Depending on the configuration of the press, you may require two operators: one to pack and unpack the parts and the other to control printing functions. Even with the most sophisticated automated pad-printing systems, you will need somebody to keep an eye on the machine when it's in use to ensure that it's operating properly and delivering the desired print quality.


Packaging and cleanliness of components


Being able to move parts freely to and from the press is only part of the equation for efficient production. Unless these parts are immediately ready for printing, having them on hand at the press becomes meaningless. The two main concerns you have in terms of part readiness are packaging and cleanliness.
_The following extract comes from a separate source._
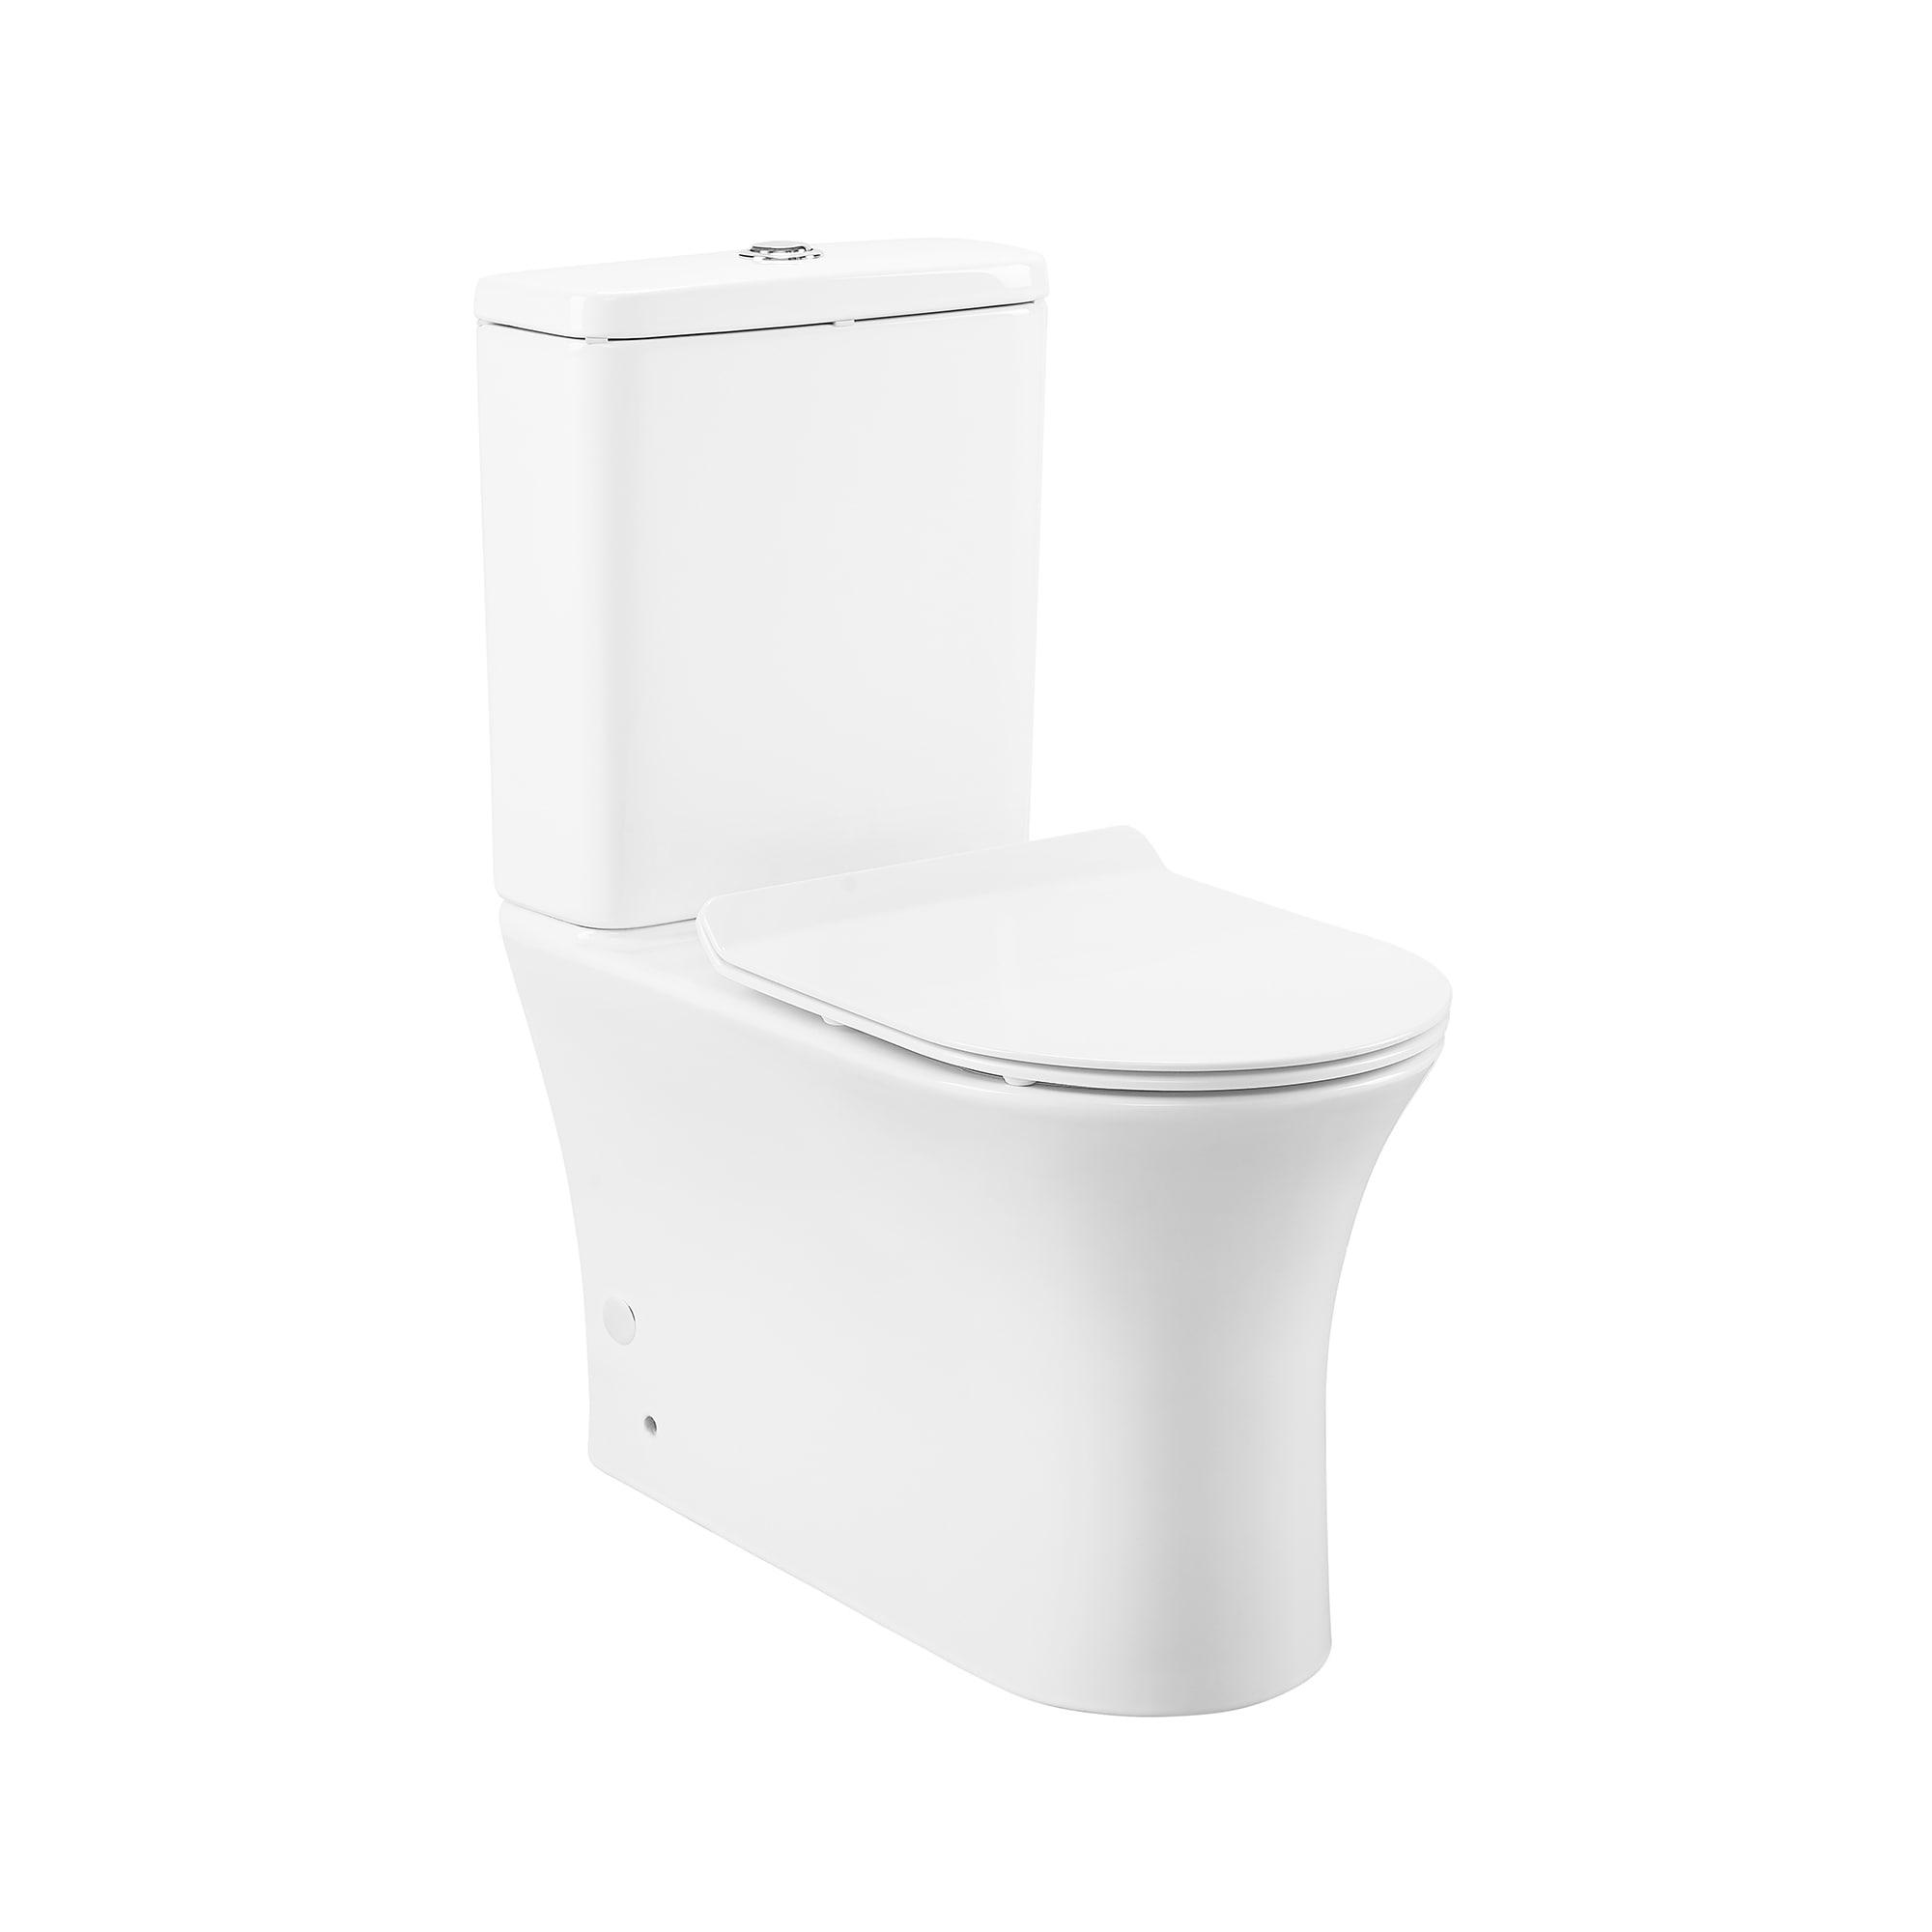 Super Calice Two Piece Elongated Toilet Dual Flush 8 1 28 Gpf N A Dailytribune Chair Design For Home Dailytribuneorg

Packaging The vast majority of parts that are pad printed are made of plastic and typically arrive packed in a plastic bag that is sealed in a cardboard box. With this double packaging, removing parts for printing can create a bottleneck. Because pad printing is best carried out as a continuous process, individually unpacking and printing one component at a time can lead to a slow or erratic pace and eventually can cause print problems. However, by establishing a part-unpacking routine as a separate step prior to production, you can eliminate these problems.


The plastic bags in which parts are generally packaged lead to another concern as well. These bags are normally polypropylene or polyethylene, and separating them from the parts they contain is an excellent means of generating static on the parts. This static can have an adverse effect on the print quality, causing ink to spiderweb across the parts during printing and fail to adhere. Static also attracts dust and debris that can further diminish print quality. We'll look at this problem more closely in a following section.


Cleanliness Once you have parts unpacked, the surface condition of those parts becomes a crucial consideration. Each part must be free of contaminants that can affect ink adhesion. Contamination can be as simple as a fingerprint or leaching of plasticizers or other additives in plastic materials.